Cameron Muir, the chief economist for the British Columbia Real Estate Association, took a look at B.C.'s residential real estate outlook at the CanaData West Construction Industry Forecast Conference in downtown Vancouver.
Muir said the British Columbia economy is strong, which is helping to keep the housing market healthy. In B.C., he said, there is less exposure to oil price shocks and other similar factors.
By contrast, Calgary's housing market is down by 20 per cent, though prices there are somewhat "sticky" or slow to change on the way down.
The impact of low oil prices on home sales is that there has been an increase in activity in Vancouver, since jobs are not dependent on the oil industry and lower gas prices actually help with demand.
The falling loonie has led to mixed export results, Muir said, and added that housing starts are increasing in the U.S., which might lead to more export sales for B.C. However, U.S. housing is regional, meaning varying demand depending on geographic area.
Retail sales in B.C. are "driving the bus right now," Muir said, with very strong activity signaling increased consumer confidence.
Employment data has been unreliable for this part of the world, he said, with divergent results based on the source. The Labour Force Survey doesn't paint a rosy picture, but most of the other indicators of the economy suggest a healthier labour outlook.
Going forward, "I don't expect to see a lot (of change)," Muir said, referring to overall interest rates. On the mortgage rate side, we are at the bottom of a 25 year decline, Muir said. As long as interest rates don't climb dramatically in a short period of time, housing prices should remain stable, he said.
Debt to income ratios are not an ideal indicator to show the presence of a bubble, Muir said. There will be a very gradual increase in mortgage rates, he said. But, if the rates were to continue going up, there will be an impact on carrying costs of houses, but not a substantial one.
"People with variable rates tend to be further along in their income cycle," he said.
Overall sales activity in B.C. and in Vancouver was low in the late 1990s, with the economy in the doldrums and the leaky condo crisis, with housing starts in 2000 in their lowest level since 2002. That was one of the reasons for a dramatic price increase from 2002 to 2008, since there was not enough supply at the time. The market had shifted long before the financial crisis, so the dip of 2008-2009 was "short indeed," Muir said.
It turned out housing in spring 2009 was more affordable than it had been in years in Vancouver, Muir said, and bounced back up. There has been choppiness, but overall it was a slow modest pullback in demand, with sales taking off over the last couple of years.

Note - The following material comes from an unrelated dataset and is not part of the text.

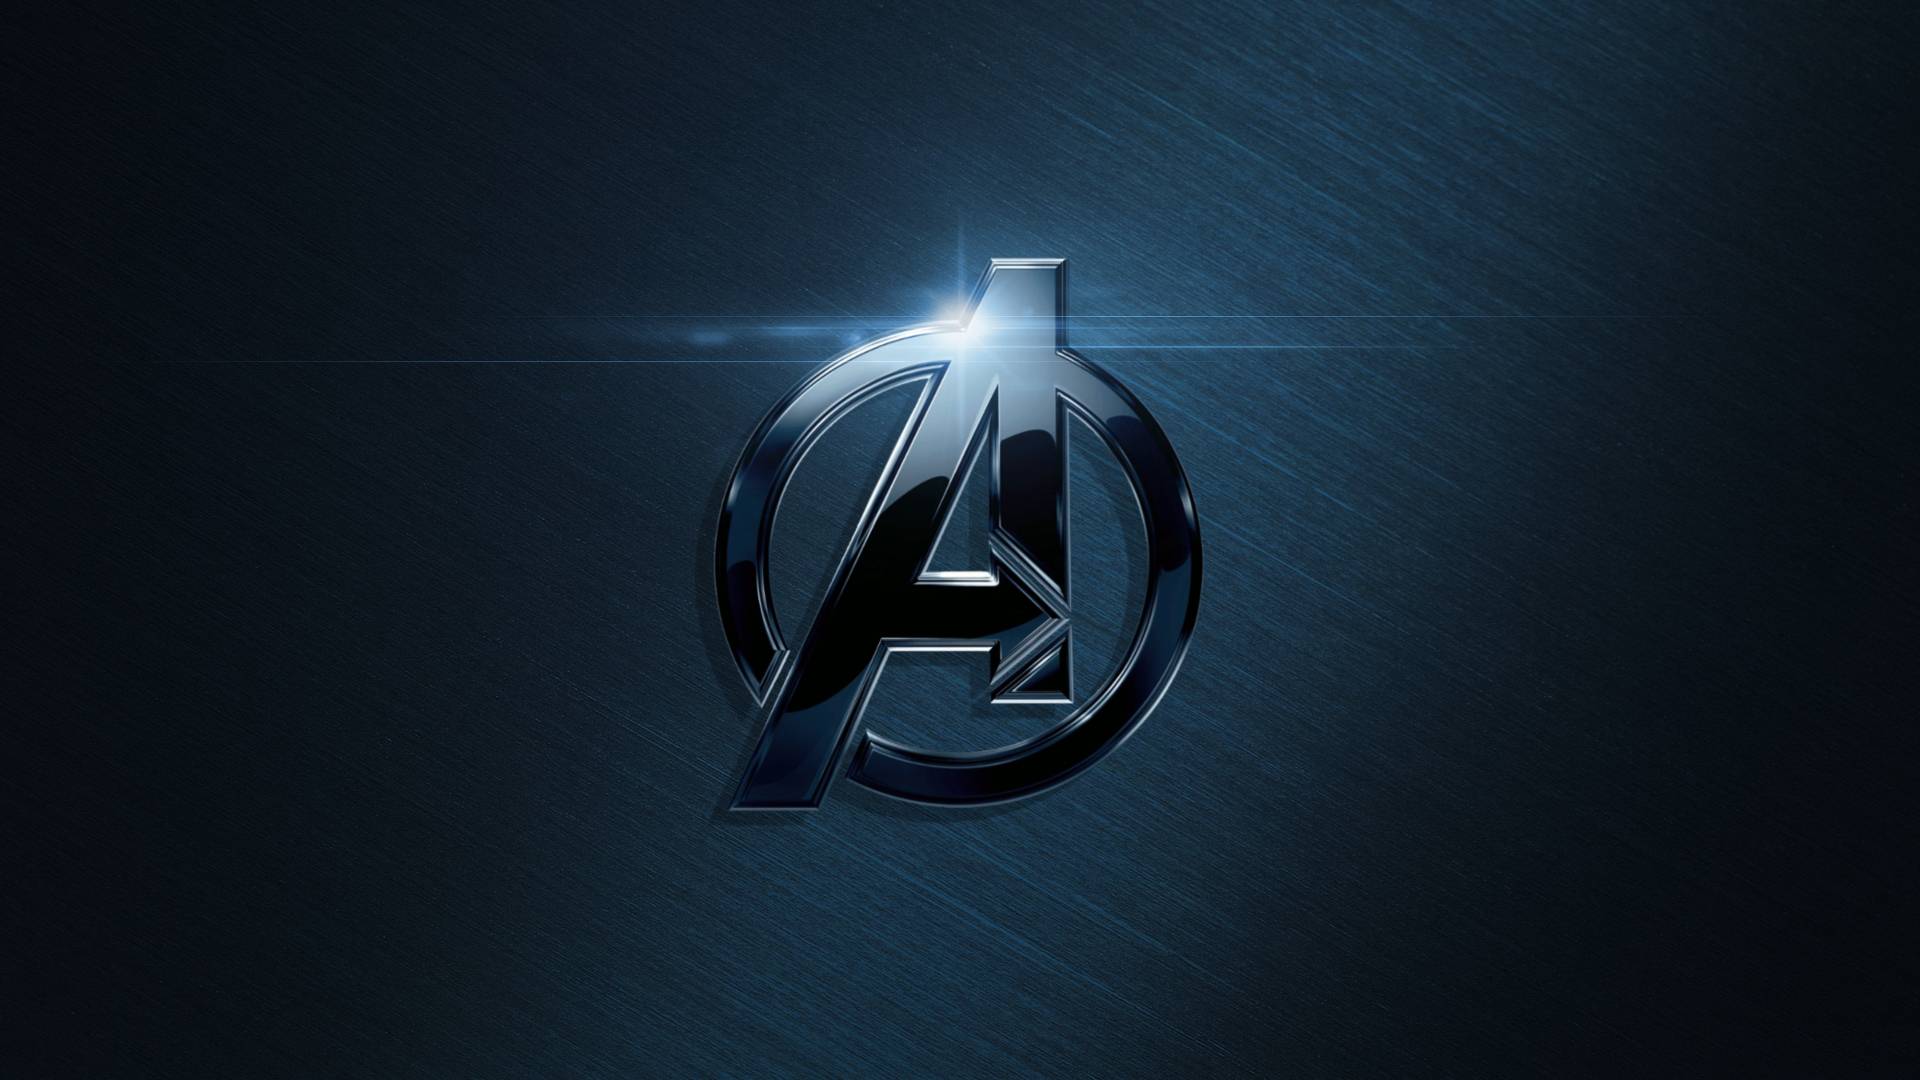 Avengers Logo Wallpaper 39731 1920x1080 px

Inventory has declined due to the stronger sales, Muir said, with an eight year low for inventory at present. B.C. market conditions as measure by a sales-to-active listings ratio is a "seller's market," he said.
Muir said there hasn't been speculation in the housing market in Vancouver since 2009, measured by observing how many houses are being sold within six months of being bought. The foreign buyer issue, Muir said, developed because of a company called MacDonald Realty, which had an office in Shanghai and specialized in foreign buyers. The company looked at the number of customers with Chinese last names and they found 70 per cent of their customers who bought houses over $3 million had those Chinese last names.
But, Muir said, what was ignored by the media is that most of those customers were either Canadian citizens or landed immigrants. Essentially, Muir said, those who are claiming foreign buyers are dominating the market are "drinking their own bathwater" when reporting this information.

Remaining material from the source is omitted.